Tel Aviv’s 'HaMakom' Draws Young Adults Seeking Jewish Roots and Community
Young Tel Aviv residents are increasingly choosing to spend their evenings at HaMakom, a Jewish study and community space, instead of bars. The article says the venue has become a place where secular and religious participants meet to study, connect and explore Jewish identity after travel and years of searching for meaning. One veteran participant, Shay, says only someone who has actually experienced the atmosphere can understand it.
Avi, who grew up with a traditional Friday kiddush at home, says his curiosity about Judaism deepened after military service and later, while studying at Reichman University, then known as the Interdisciplinary Center. He arrived expecting to mock the program, but after 15 minutes, he says, he was won over by the people, the teaching and the openness.

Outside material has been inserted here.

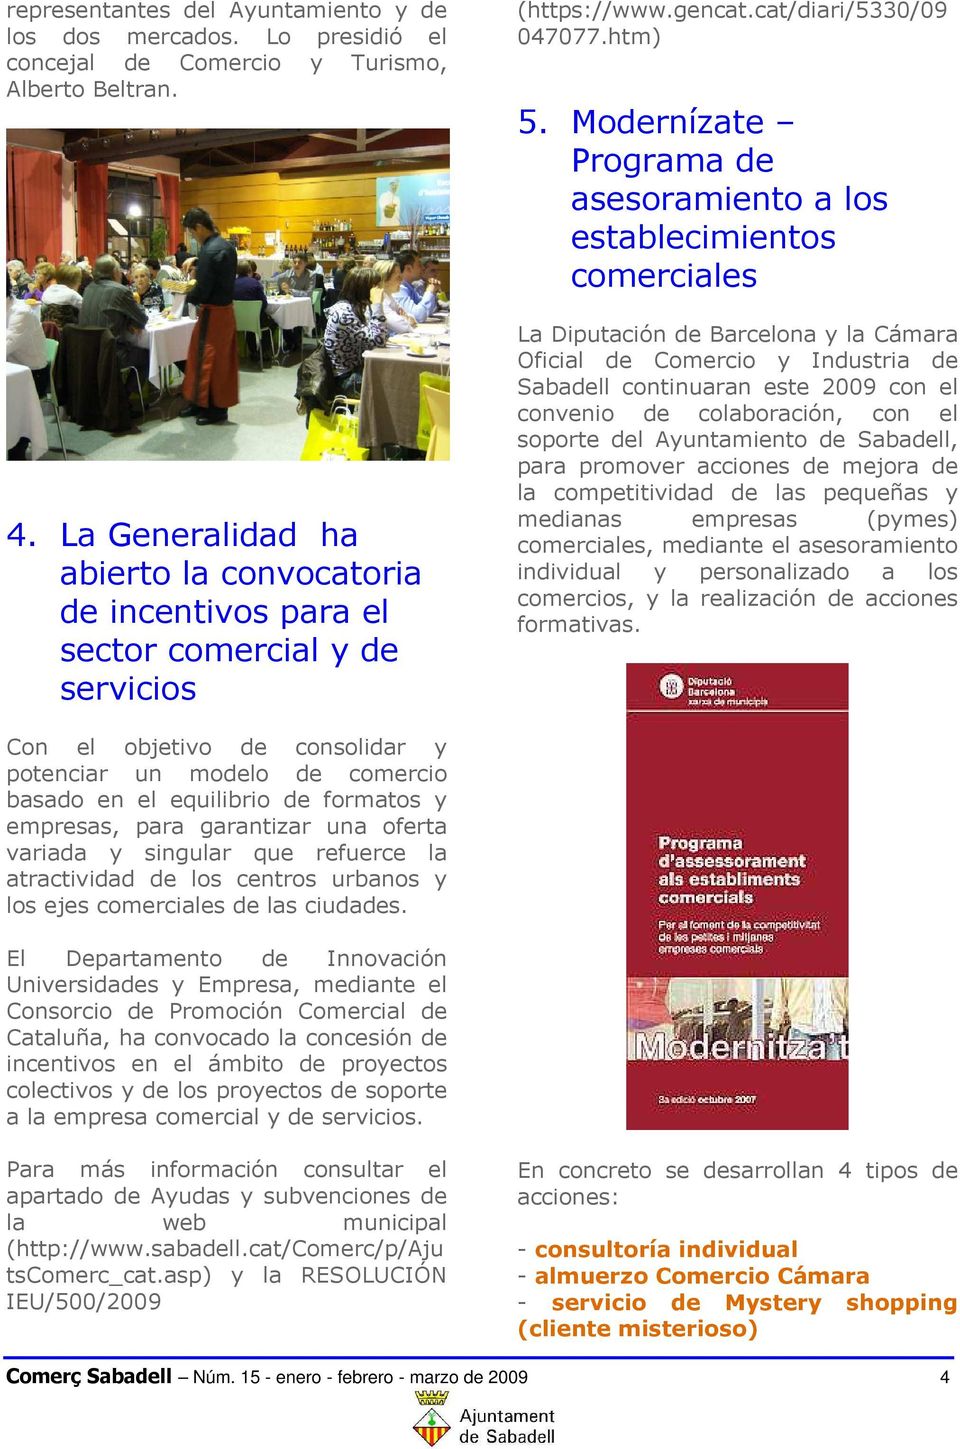 Modernízate Programa de asesoramiento a los establecimientos comerciales La Diputación de Barcelona y la Cámara Oficial de Comercio y Industria de Sabadell continuaran este 2009 con el convenio de

He now studies weekly with a former army comrade and says the learning has made him less impulsive and changed his views on giving, patience, marriage and Kabbalah.
The article also highlights weekly study partnerships between women from different backgrounds. Lior, an engineer from central Tel Aviv, studies once a week with Shira, who comes from Samaria, and both describe the sessions as a rare and deeply personal friendship. Shira says the meetings reveal “something that belongs to both of us,” while Lior says they address what happens in her life during the week and give her answers she did not know existed.
Maya, an artist, says Tel Aviv is demanding and that outside HaMakom she is trapped in an exhausting race for success, status and self-presentation. She says the space lets her relax, remove the mask and find answers that make sense, first through Yimima teachings and later through other classes. She says the history and Jewish texts feel relevant to her life now, and that the center has become her home. Shay says she attends twice a week, while Or, a student in her late twenties, says it was the first place where she could encounter Judaism without fear. Rabbi Ariel Dorfman says the center meets “thousands of Tel Aviv residents” who want to know Judaism as a source of meaning, connection and hope.